Like Psalm 93 and several psalms immediately after this, this song is a call to worship. The Septuagint attibutes this to David and in the New Testament Hebrews 4:7 has this as coming "through David", a term that might simply mean (suggests Kidner) "in psalms [of David]." Regardless, the joyous call to worship in this psalm, and in those around it, continue the spirit of David's worship.
Psalm 95:1-3, Come!
Come, let us sing for joy to the LORD;
let us shout aloud to the Rock of our salvation.
Let us come before him with thanksgiving
and extol him with music and song.
For the LORD is the great God,
the great King above all gods.
The song begins with an exuberant call to worship YHWH is song, shouting and, surely, dancing! According to Kidner, this psalm, from ancient Christian times, was called "Venite!", Latin for "O, Come!" This is an appropriate name for this worship song.
Says Alter, "Later Jewish tradition made this the first in a sequence of psalms chanted as a prelude to the Friday evening prayer for welcoming the Sabbath, evidently because the Sabbath was seen as a celebration of creation."
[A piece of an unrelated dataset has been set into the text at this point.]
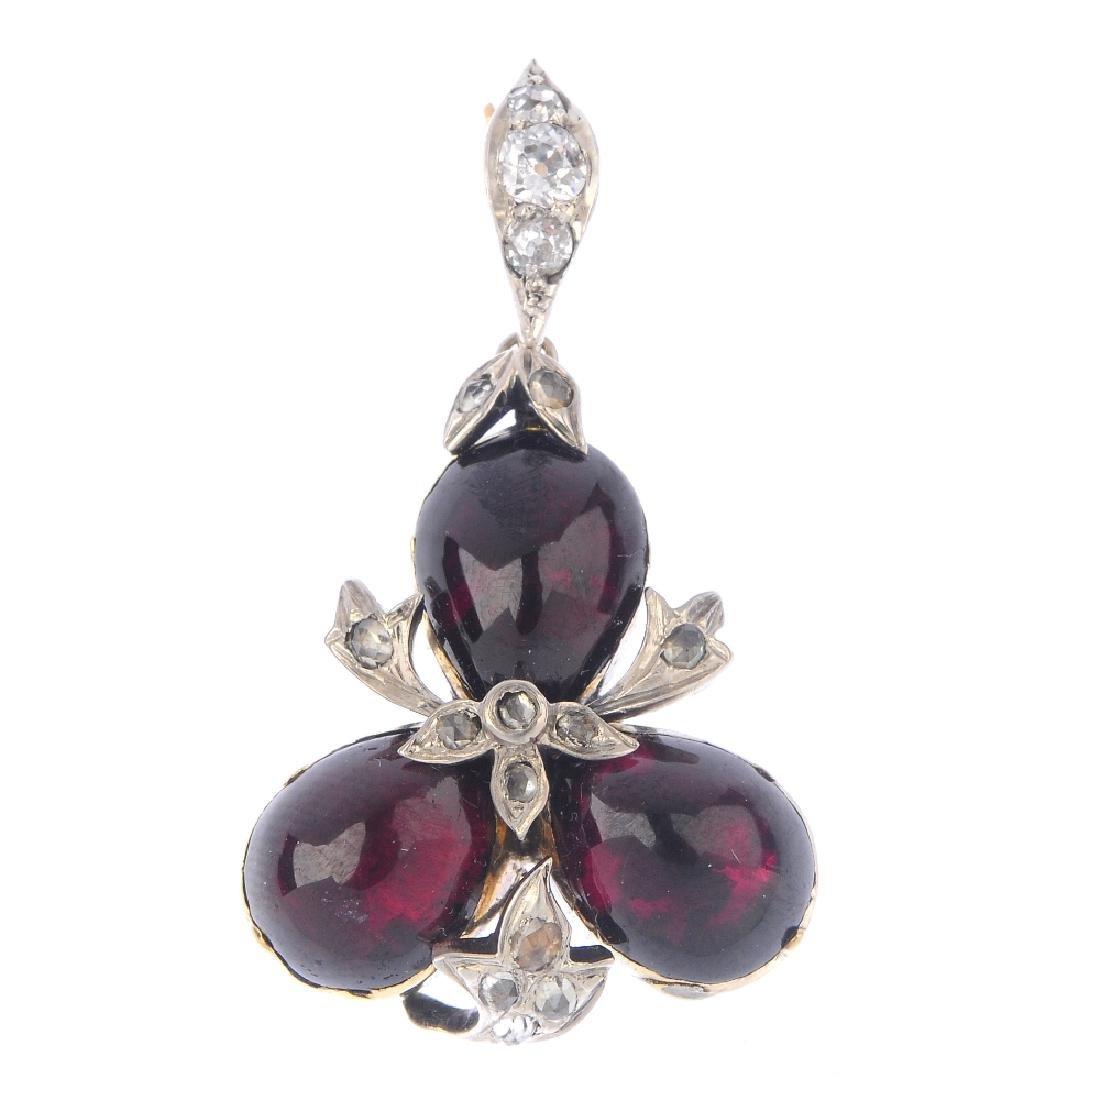 A garnet and diamond pendant. The pear-shape garnet

Psalm 95:4-5, The sea is His
In his hand are the depths of the earth,
and the mountain peaks belong to him.
The sea is his, for he made it,
and his hands formed the dry land.
All parts of the earth were created -- and are controlled -- by God. For the ancient Canaanite, control of the chaotic raging sea was especially impressive.
Psalm 95:6-7a, Kneel, bow down
Come, let us bow down in worship,
let us kneel before theLORD our Maker;
for he is our God and we are the people of his pasture,
the flock under his care.
As Kidner points out, this is a call to prostrate oneself before YHWH, to be deliberately humble and subservient in his presence.
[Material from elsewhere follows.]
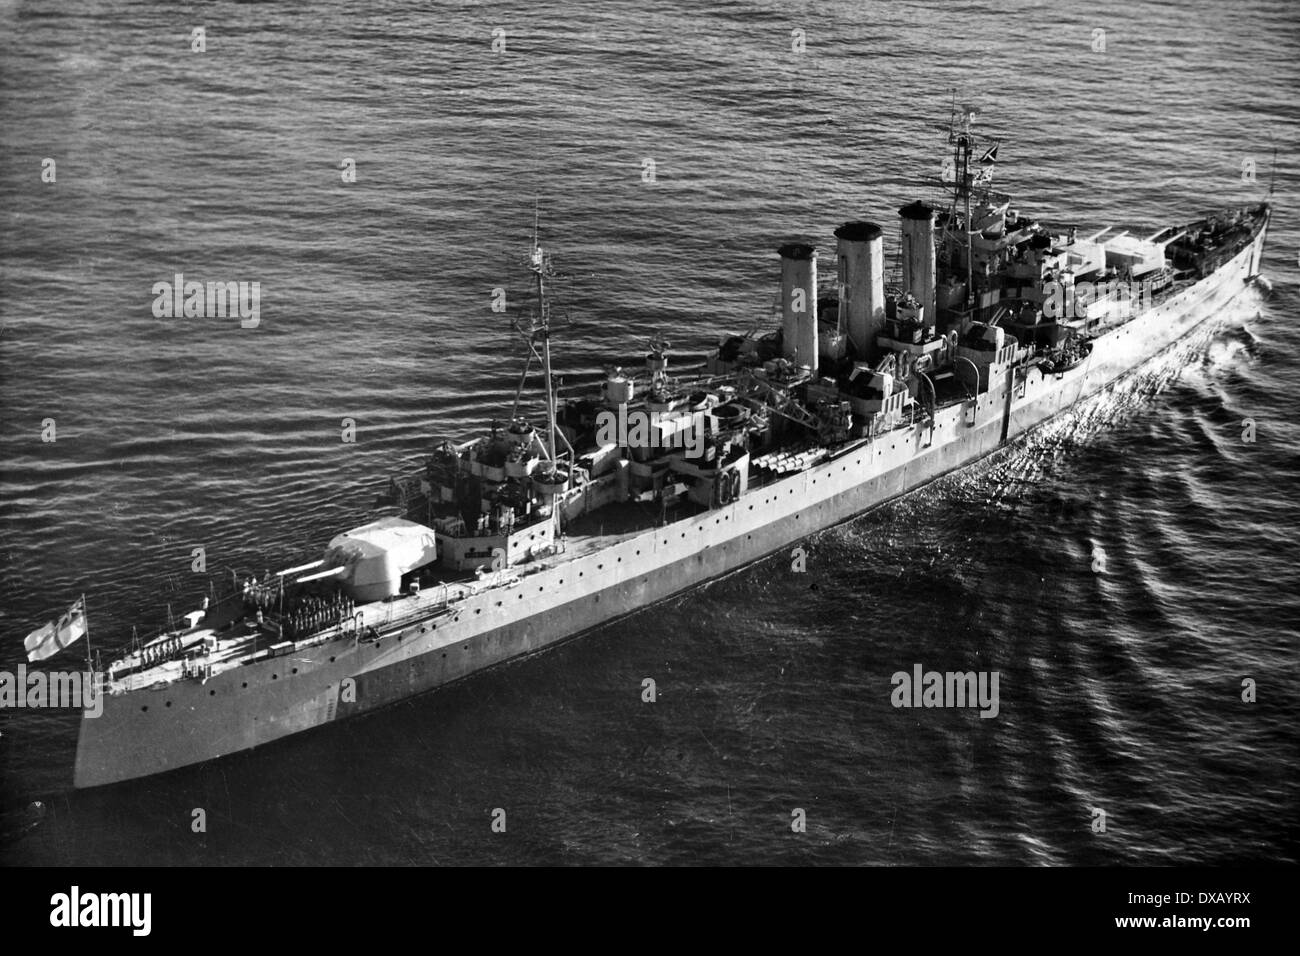 Royal Navy world war two. - Stock Image

Psalm 95:7b-11, Remember Meribah and Massah!
Today, if you hear his voice,
do not harden your hearts as you did at Meribah,
as you did that day at Massah in the desert,
where your fathers tested and tried me,
though they had seen what I did.
For forty years I was angry with that generation;
I said,"They are a people whose hearts go astray,
and they have not known my ways."
So I declared on oath in my anger, "They shall never enter my rest."
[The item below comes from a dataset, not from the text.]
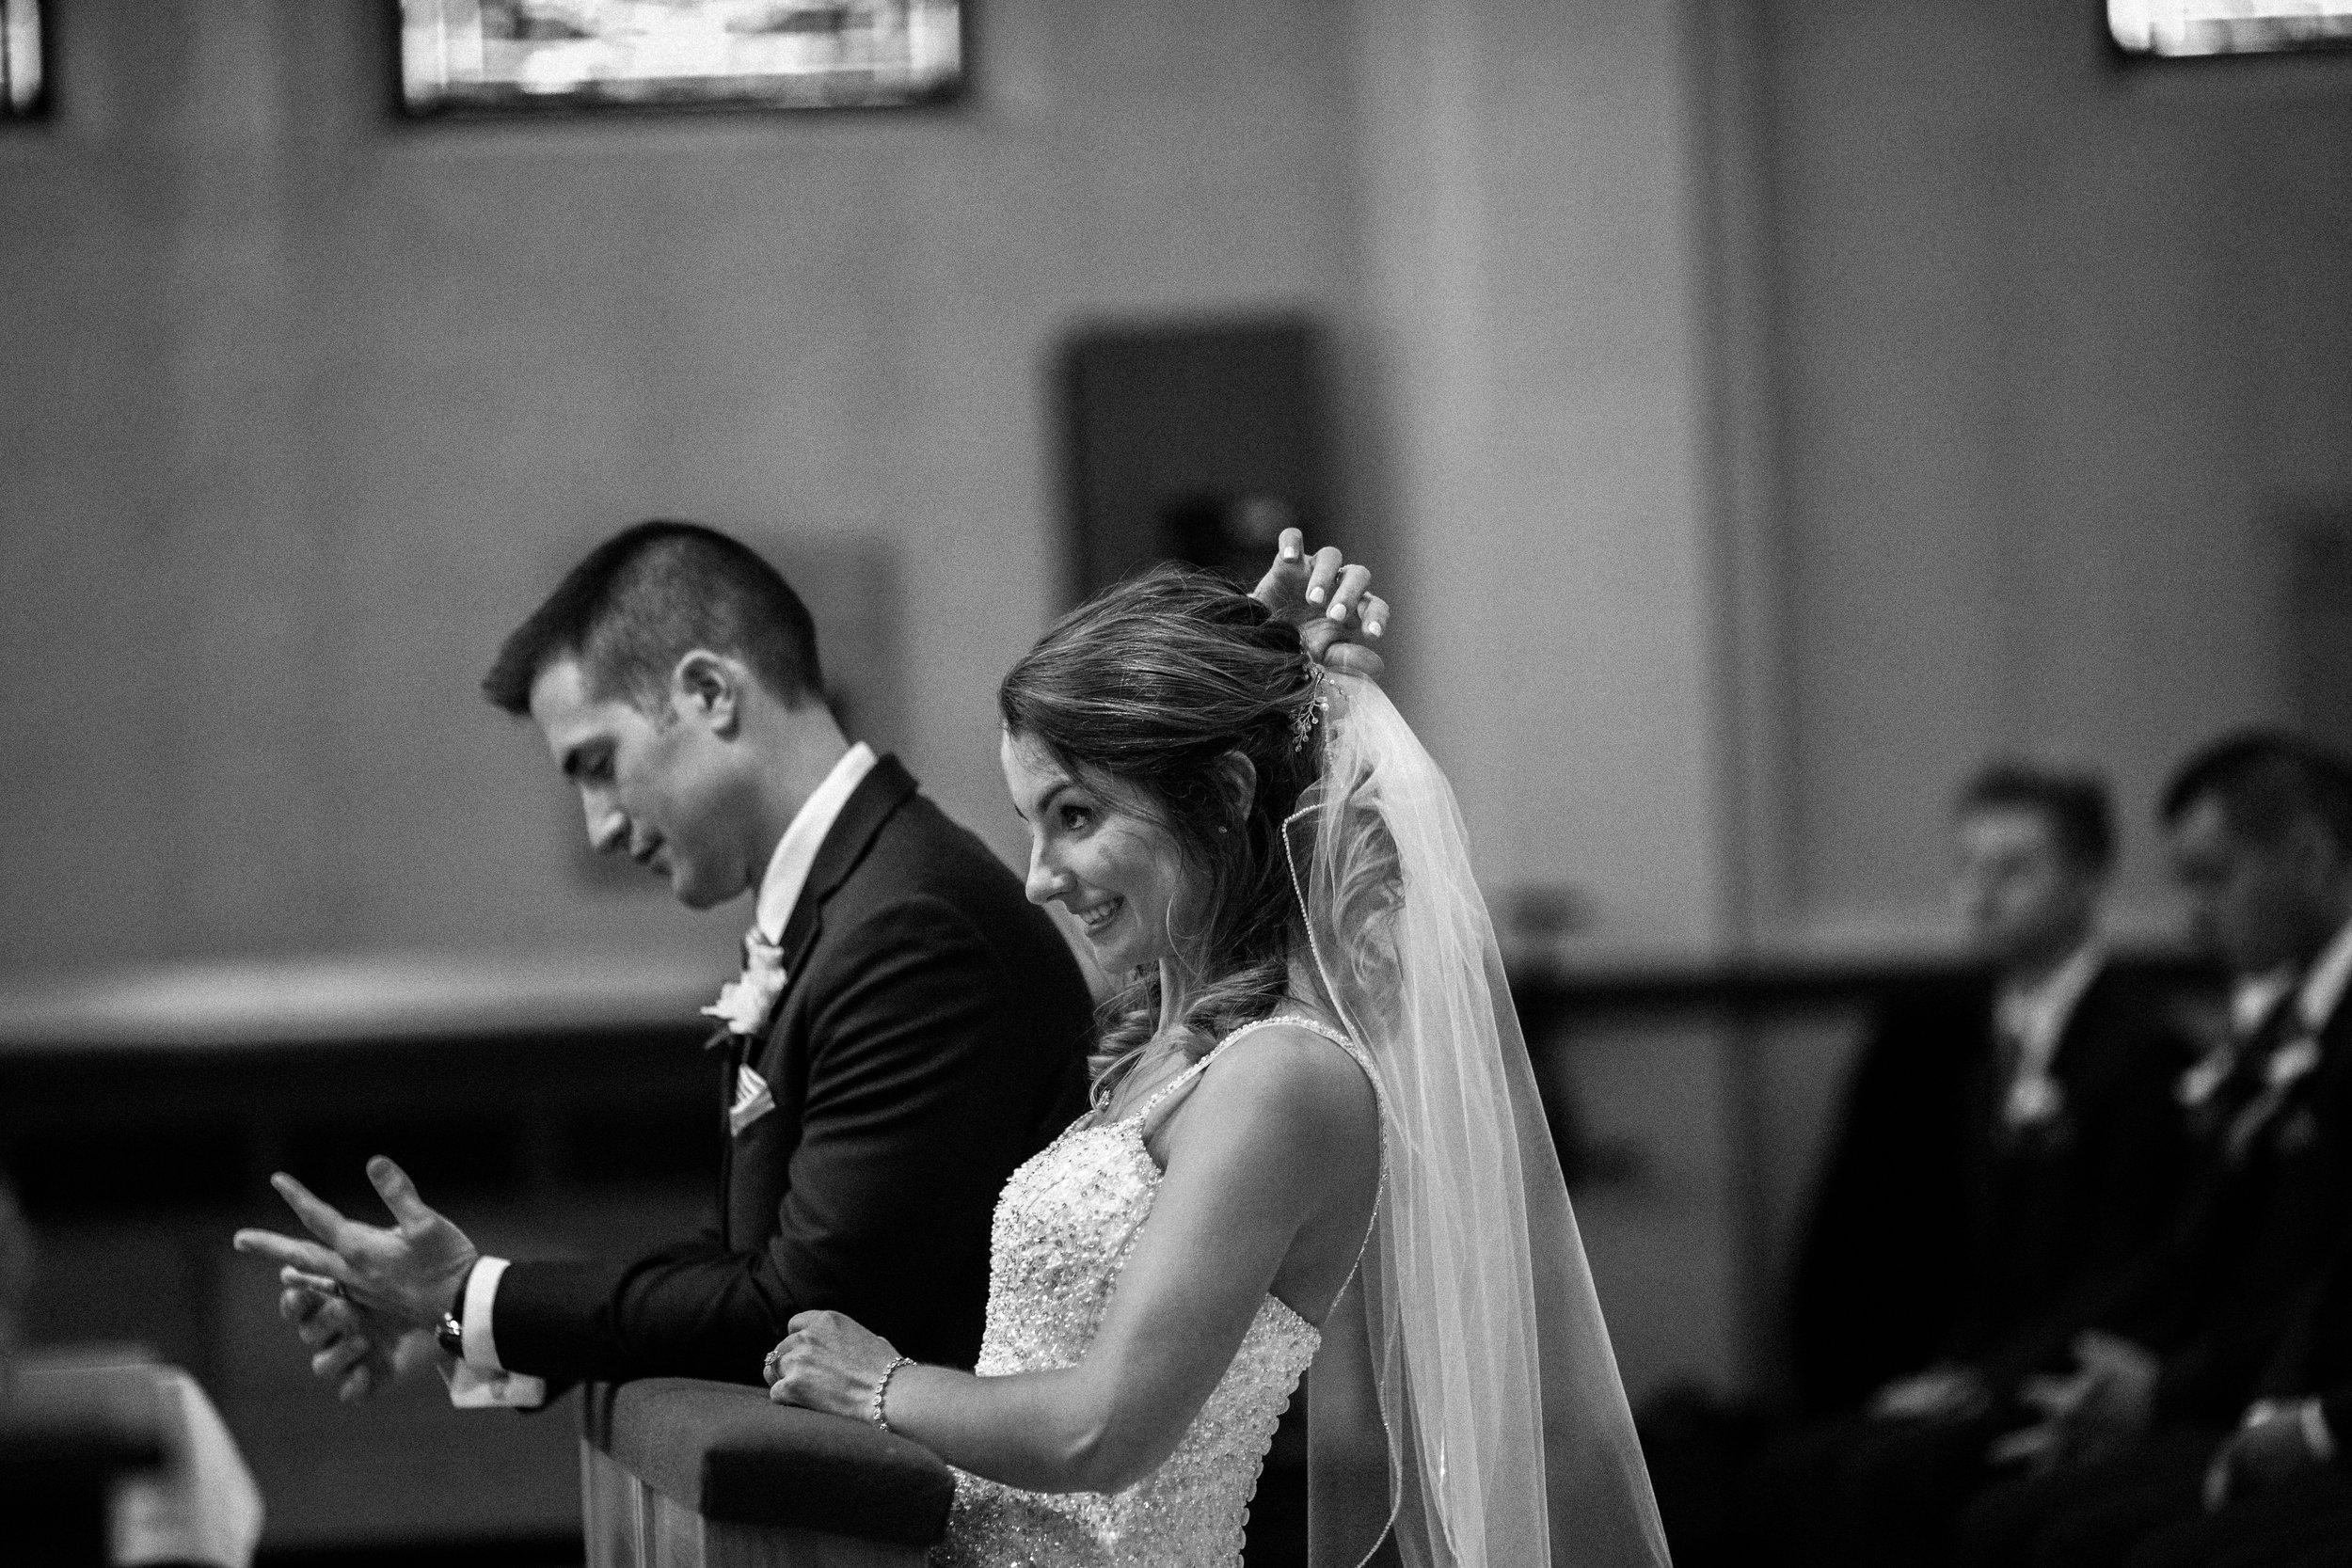 Wedding-couple-takes-photos-at-lowes-hardware-due-to-rain31.jpg

That ancient rebellion helped keep Israel out of the Rest offered by the land of Canaan. In the New Testament, this passage is extensively quoted in the letter to the Hebrews (Hebrews 3:7-15.) There the author warns his readers that just as the Israelites were denied the Rest of the Promised Land, the Jews of the first century were warned against turning away from the Rest offered by the Messiah, Yeshuah. That argument, learning heavily on Psalm 95, continues in Hebrews 4.
This is a "close companion", says Kidner, to Psalm 81, which also rings with shouts of joy at an ordained feast (the Feast of Tabernacles?) Kidner suggests that this song too was sung at the Feast of Tabernacles.
This is a "close companion", says Kidner, to Psalm 81, which also rings with shouts of joy at an ordained feast (the Feast of Tabernacles?) Kidner suggests that this song too was sung at the Feast of Tabernacles.